GPU does not clock down after test load #621

Bengt · 2019-09-02T11:38:53Z

I ran the test from issue #519 on my Vega 64 (gfx900, Vega 10) under Ubuntu 18.04.3 LTS. Afterwards, the card stays in PState 3 (4 LEDs of GPUTach on and there is some coil whine). The issue is somewhat transient, as the pp_dpm_sclk reports PState 0 sometimes. The GPU should does not clock down like with exiting any other load.

Procedure to reproduce:

docker run -it --network=host --device=/dev/kfd --device=/dev/dri --group-add video --cap-add=SYS_PTRACE --security-opt seccomp=unconfined -v $HOME/dockerx:/dockerx rocm/tensorflow:rocm2.7-tf1.14-dev
python3 -m pip install scikit-image numpy keras efficientnet pytest
wget https://upload.wikimedia.org/wikipedia/commons/f/fe/Giant_Panda_in_Beijing_Zoo_1.JPG
wget https://gist.githubusercontent.com/Bengt/308c7d05dc755f1bfe0aeda9220e4eed/raw//test_efficientnet_gfx803.py
HIP_VISIBLE_DEVICES=0 python3 -m pytest -s test_efficientnet_gfx803.py
while true; do cat /sys/class/drm/card0/device/pp_dpm_sclk; sleep 1; clear; done

Output:

0: 852Mhz 
1: 991Mhz 
2: 1084Mhz 
3: 1138Mhz *
4: 1200Mhz 
5: 1401Mhz 
6: 1536Mhz 
7: 1630Mhz

Shutting down to container does not help:

$ exit
$ while true; do cat /sys/class/drm/card0/device/pp_dpm_sclk; sleep 1; clear; done
0: 852Mhz 
1: 991Mhz 
2: 1084Mhz 
3: 1138Mhz *
4: 1200Mhz 
5: 1401Mhz 
6: 1536Mhz 
7: 1630Mhz

Starting and ending a 3D-load does not help:

$ glxgears
<Ctrl+C>
$ while true; do cat /sys/class/drm/card0/device/pp_dpm_sclk; sleep 1; clear; done
0: 852Mhz 
1: 991Mhz 
2: 1084Mhz 
3: 1138Mhz *
4: 1200Mhz 
5: 1401Mhz 
6: 1536Mhz 
7: 1630Mhz

Only a reboot fixes the issue for me:

$ sudo reboot
$ while true; do cat /sys/class/drm/card0/device/pp_dpm_sclk; sleep 1; clear; done
0: 852Mhz *
1: 991Mhz 
2: 1084Mhz 
3: 1138Mhz 
4: 1200Mhz 
5: 1401Mhz 
6: 1536Mhz 
7: 1630Mhz

The text was updated successfully, but these errors were encountered:

Bengt · 2019-09-02T11:58:17Z

The workload mentioned in #432 triggers the same behavior.
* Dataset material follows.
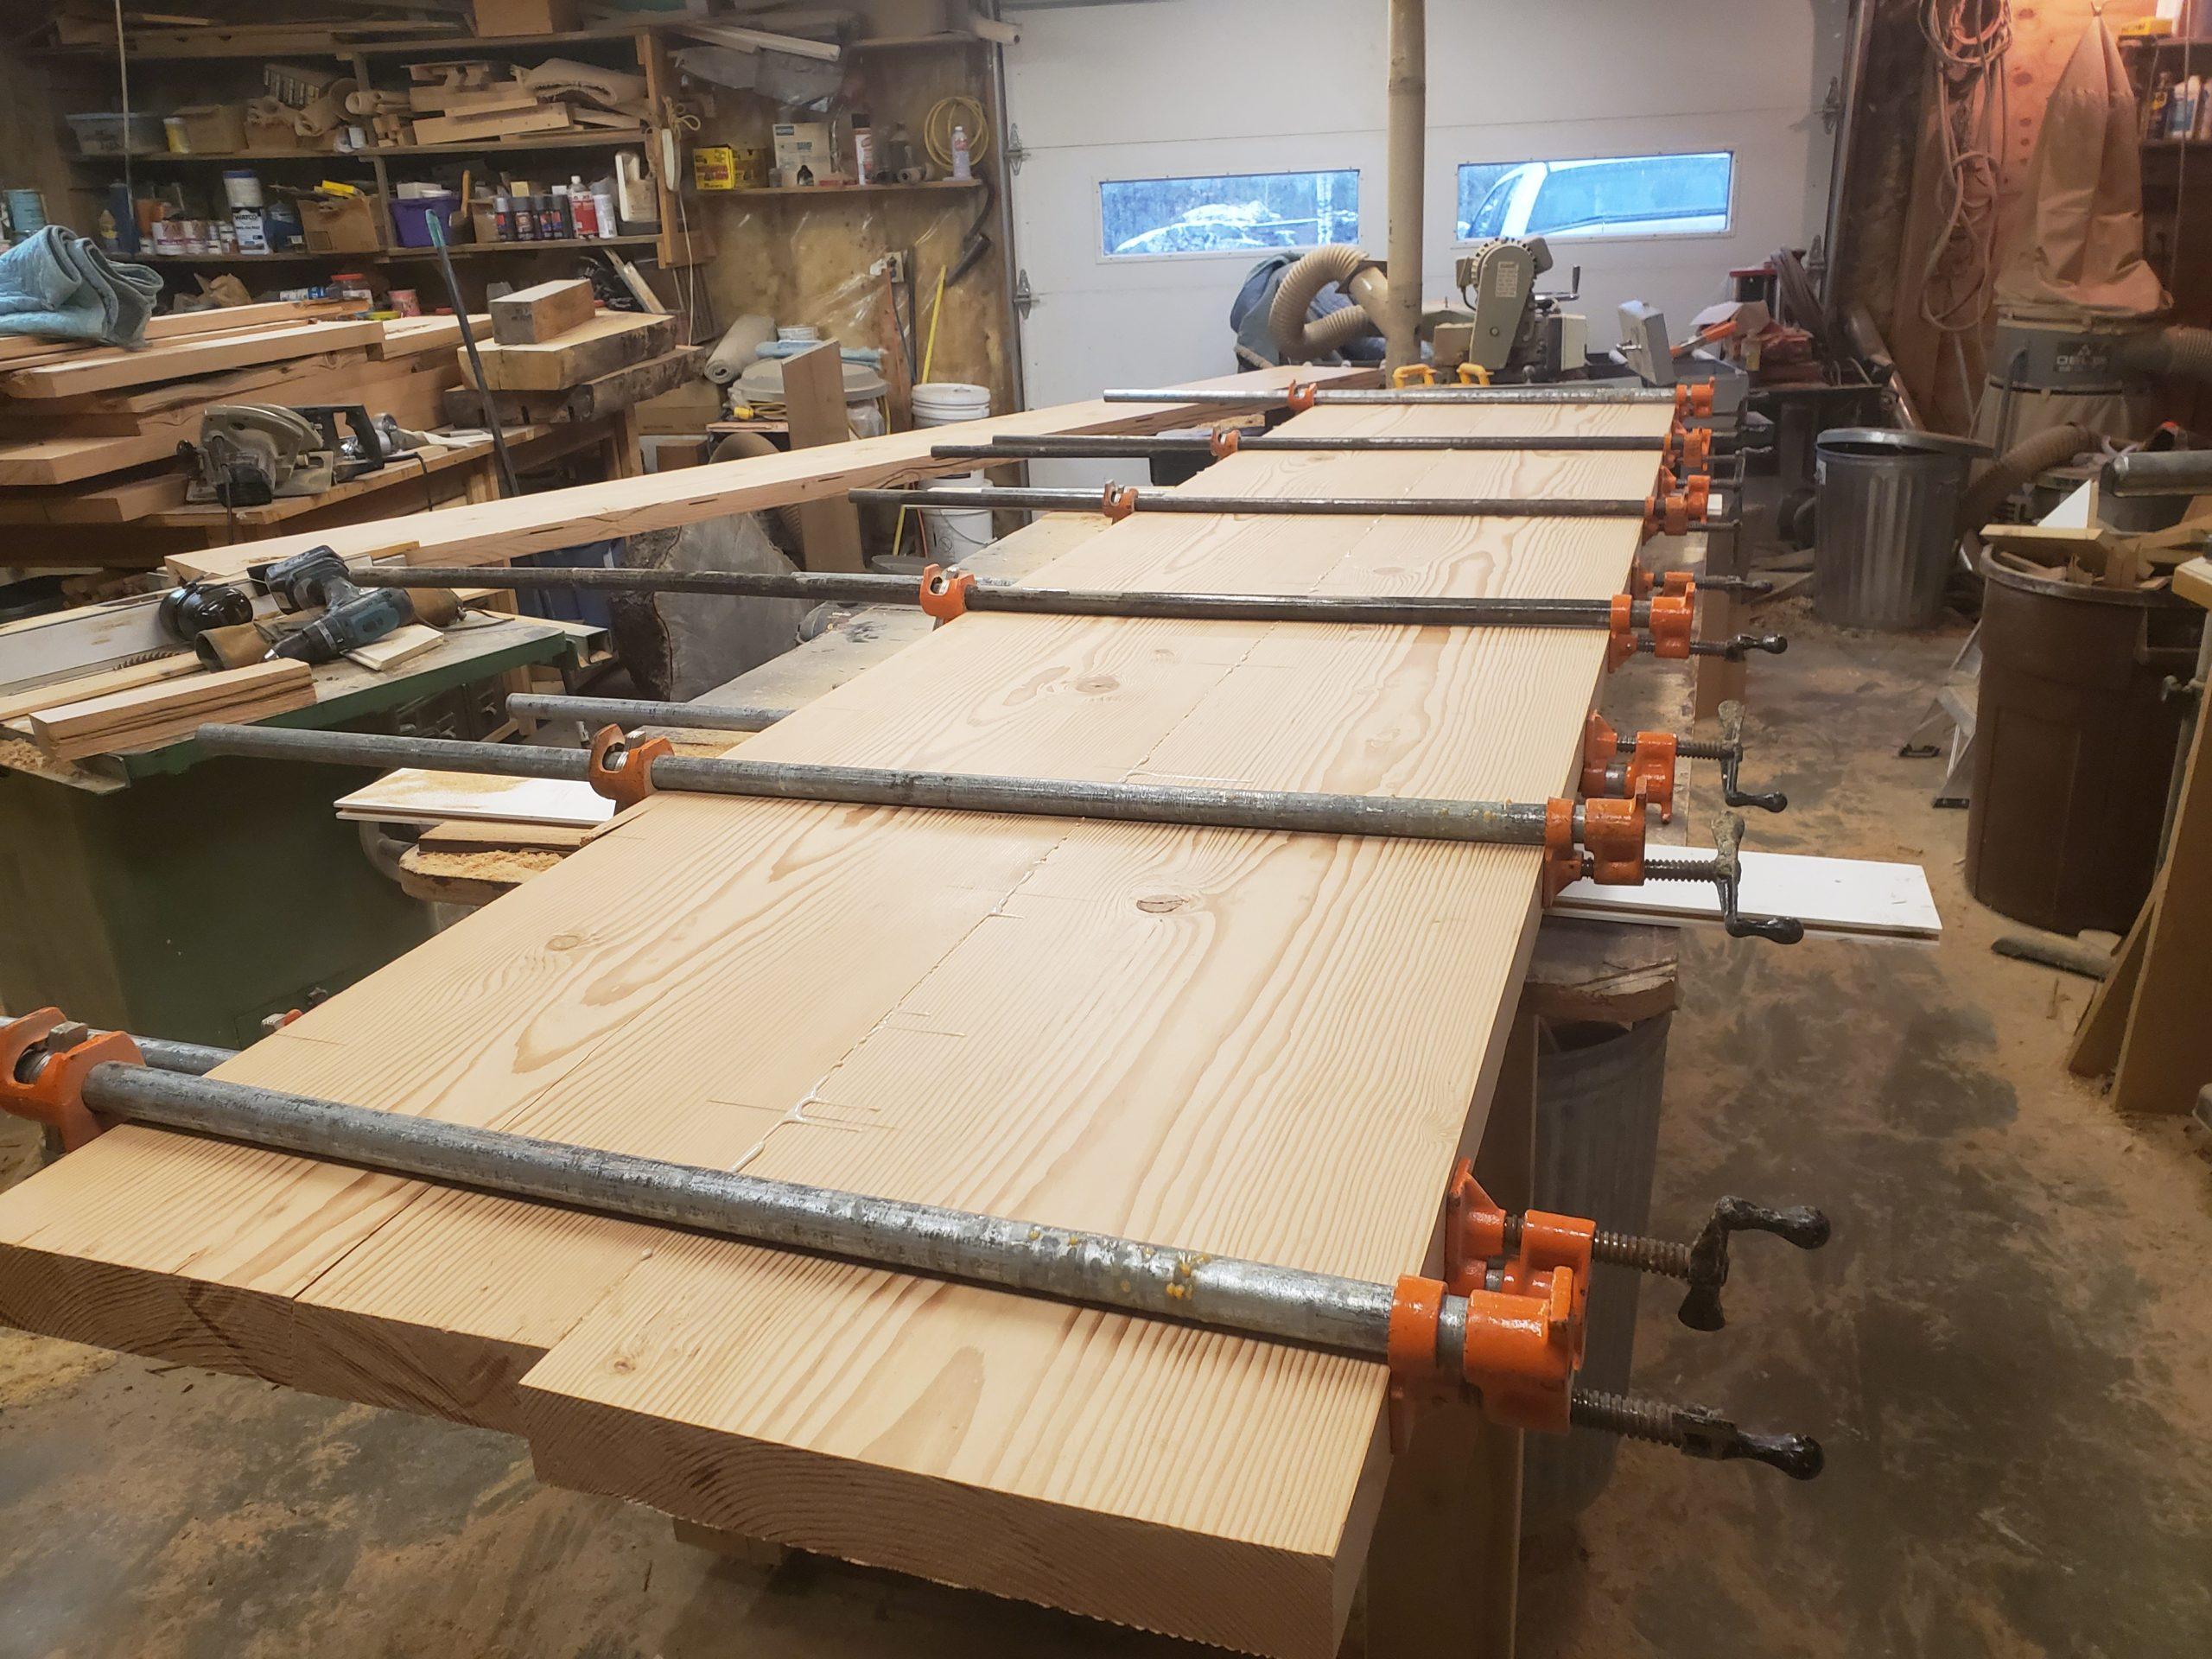 Gluing slabs of Douglas Fir for custom table by John Huisman
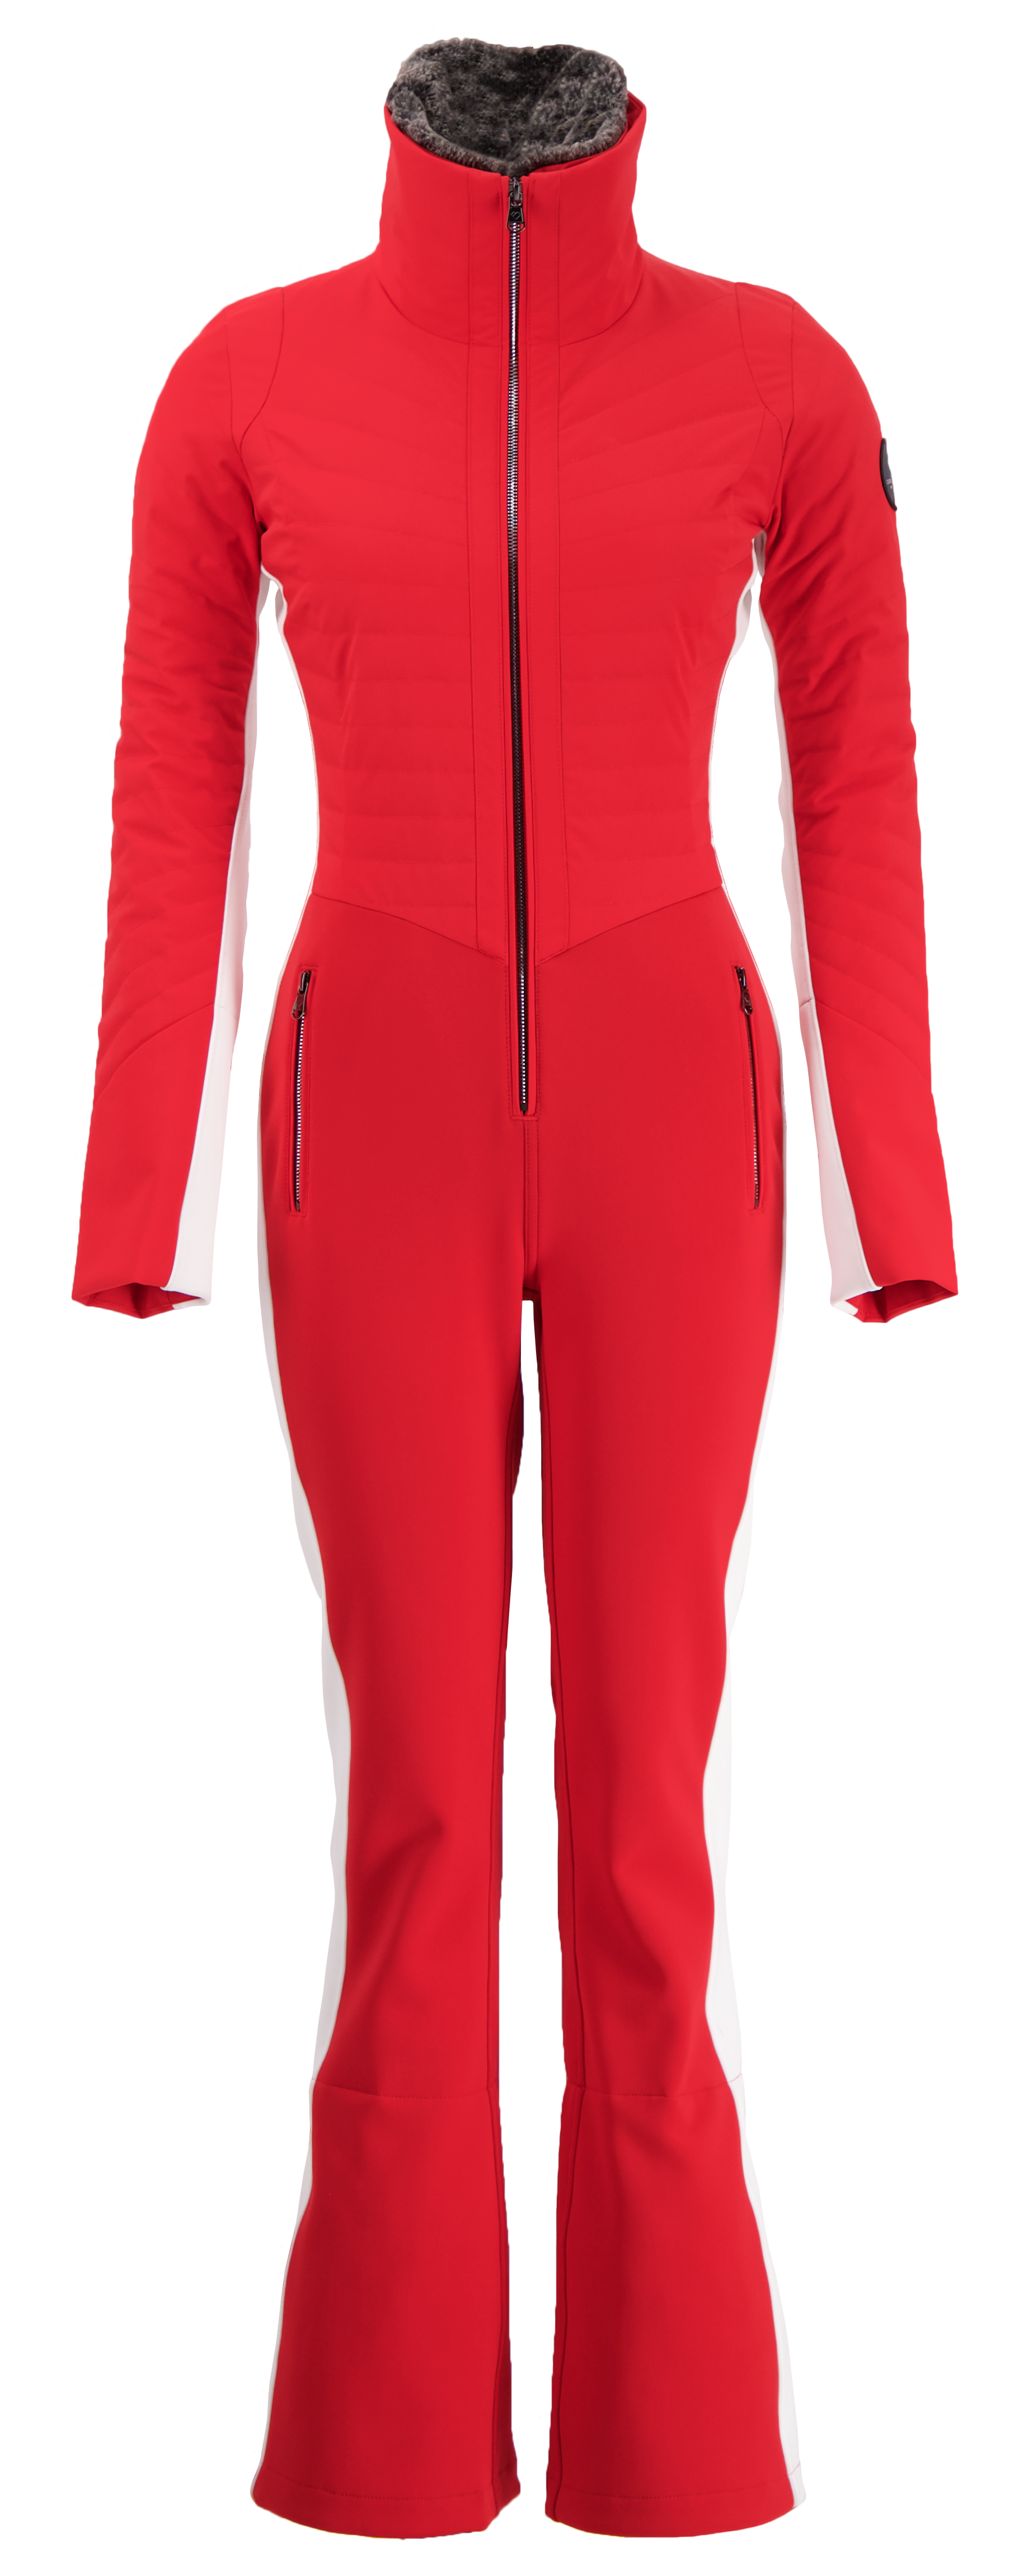 Roz Groenewoud, pro skier

sunway513 · 2019-09-03T17:28:09Z

Hi @Bengt , can you provide the log after setting the following:
/opt/rocm/bin/rocm-smi --setperf high

Bengt · 2019-09-03T18:01:27Z

Hi @sunway513,

running /opt/rocm/bin/rocm-smi --setperf high turns on all the GPUTach LEDs of all installed GPUs. The log agrees:

0: 852Mhz 
1: 991Mhz 
2: 1084Mhz 
3: 1138Mhz
4: 1200Mhz 
5: 1401Mhz 
6: 1536Mhz 
7: 1630Mhz *

During the test run, the last LED of the Fury X turns off, indicating clocking down to pstate 6 (1018 MHz vs. 1050 MHz in pstate 7). During the test run of the Vega 64, none of the LEDs turn off, so I suspect the clock management does not hit a thermal or power limit. After the run, the Vega 64 stays in pstate 7 and produces horrible coil whine. Executing /opt/rocm/bin/rocm-smi --setperf low makes the GPU turn off all but one LED, indicating pstate 0. However, that makes the fan ramp up to 48.63% and never come down again. Even after idling a few minutes at about 31°C. After a reboot, everything is back to normal again.

Regards,
Bengt

sunway513 · 2019-09-03T18:27:06Z

Hi @Bengt , can you try to force the perf level to be "auto"?
FYI, you can also control the fan speed using rocm-smi, you can refer to the doc below:
https://github.com/RadeonOpenCompute/ROC-smi

Bengt · 2019-09-03T19:01:22Z

With the performance level forced to auto, at times all LED turn on during the workload and the fan ramps up a bit. Afterwards the GPU gets stuck in pstate 3 (four LEDs), like before. Running /opt/rocm/bin/rocm-smi --setperf auto again afterwards does not help with clocking down.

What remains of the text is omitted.